The interior of the cathedral is remarkable for the peculiarly fine sculpture of the capitals of the pillars. The foliage is of exquisite loveliness and variety; but over the transept door is a very Brueghel creation of horrors—in fact, the zodiacal signs worked up together into a nightmare.

A church of remarkable interest in Vienne is S. André-le-Bas; it has in it two Roman marble Corinthian columns supporting the arch of the apse, and a Corinthian capital used as a font.

The situation of Vienne is remarkable, it resembles one of the towns on the Rhine, where the river is contracted among hills.

The mountains rise immediately behind the city, and are crowned with old castles. The space between the river and the bases of the heights is small, and the city is somewhat cramped accordingly. But the Gère issues from the hills on the north, and gives some scope for the suburbs of the old town to creep up its banks.

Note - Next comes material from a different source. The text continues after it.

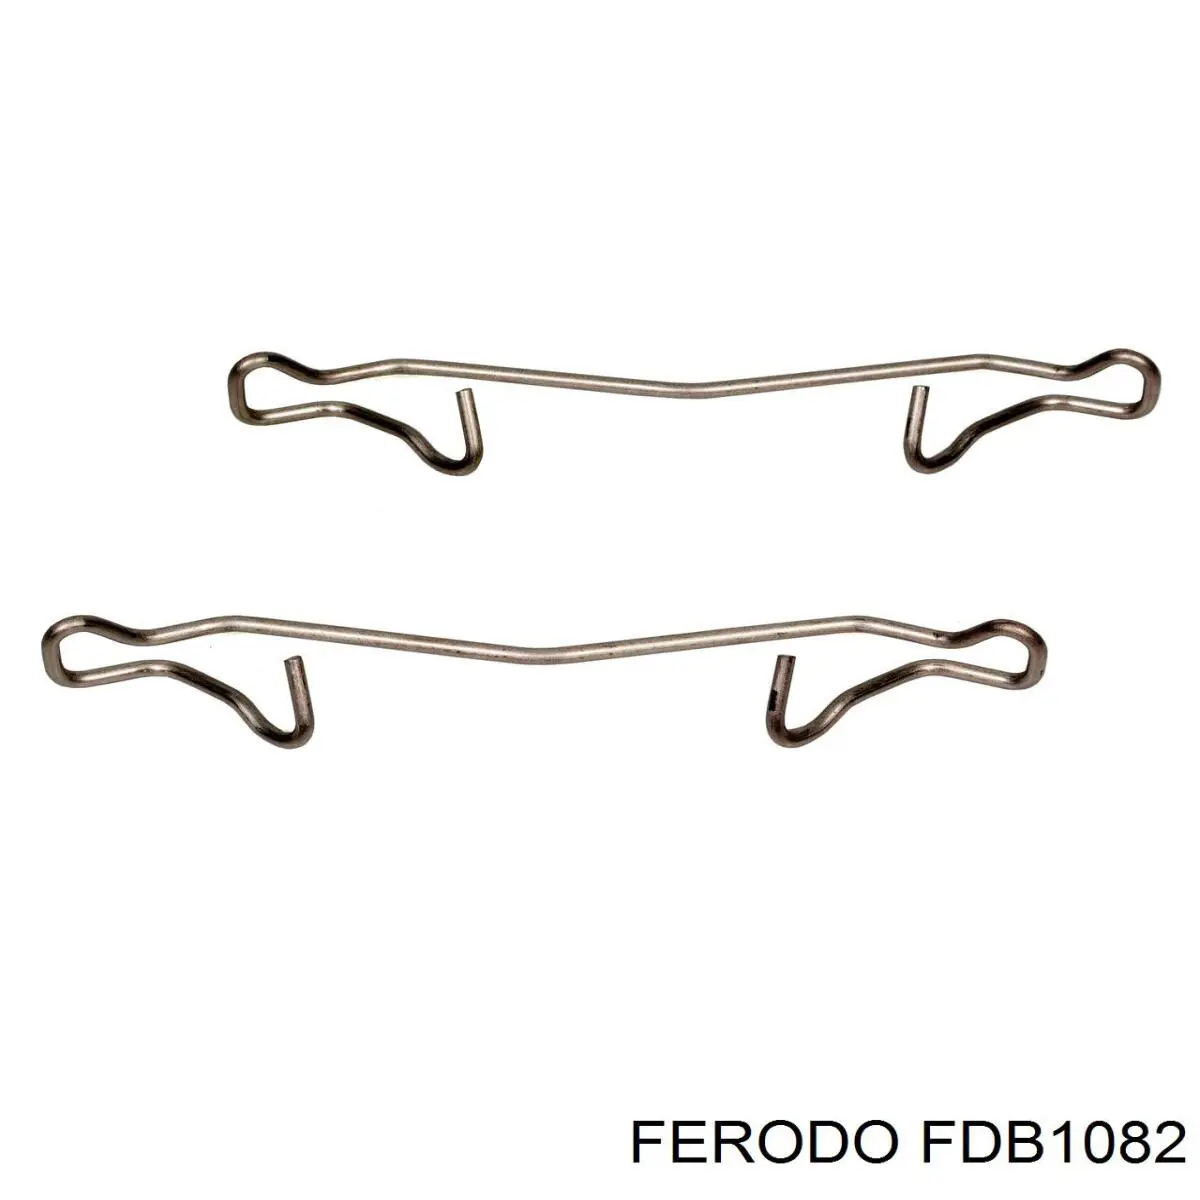 FDB1082 Ferodo колодки тормозные передние дисковые

Vienne is one of the most ancient towns of Gaul, it was the capital of the Allobroges; it claims as the founder of the Church there Crescens, disciple of S. Paul. Crescens, it will be remembered, was sent by Paul into Galatia. That was quite sufficient for these Gallic enthusiasts, who desired to give to the French bishoprics Apostolic founders. They supposed that Galatia was a slip of the pen for Gallia, and argued, if to Gallia, then to Vienne, the most ancient and important city therein, q.e.d. But no bishop of Vienne appears fixed with any certainty before Verus, who attended the Council of Arles in A.D. 314. It is, however, quite certain that the Church was founded there before A.D. 150; for one of the most precious and authentic records of the early Church we have is the letter written by the Vienne Christians to those of the East, recording the martyrdom of the bishop Pothinus of Lyons.

It used to be said of the old Gallo-Roman city that its wealth was so great that the streets were paved with mosaic. Now one would be thankful for a bit that was smooth. The pavement is almost as bad as that of Arles.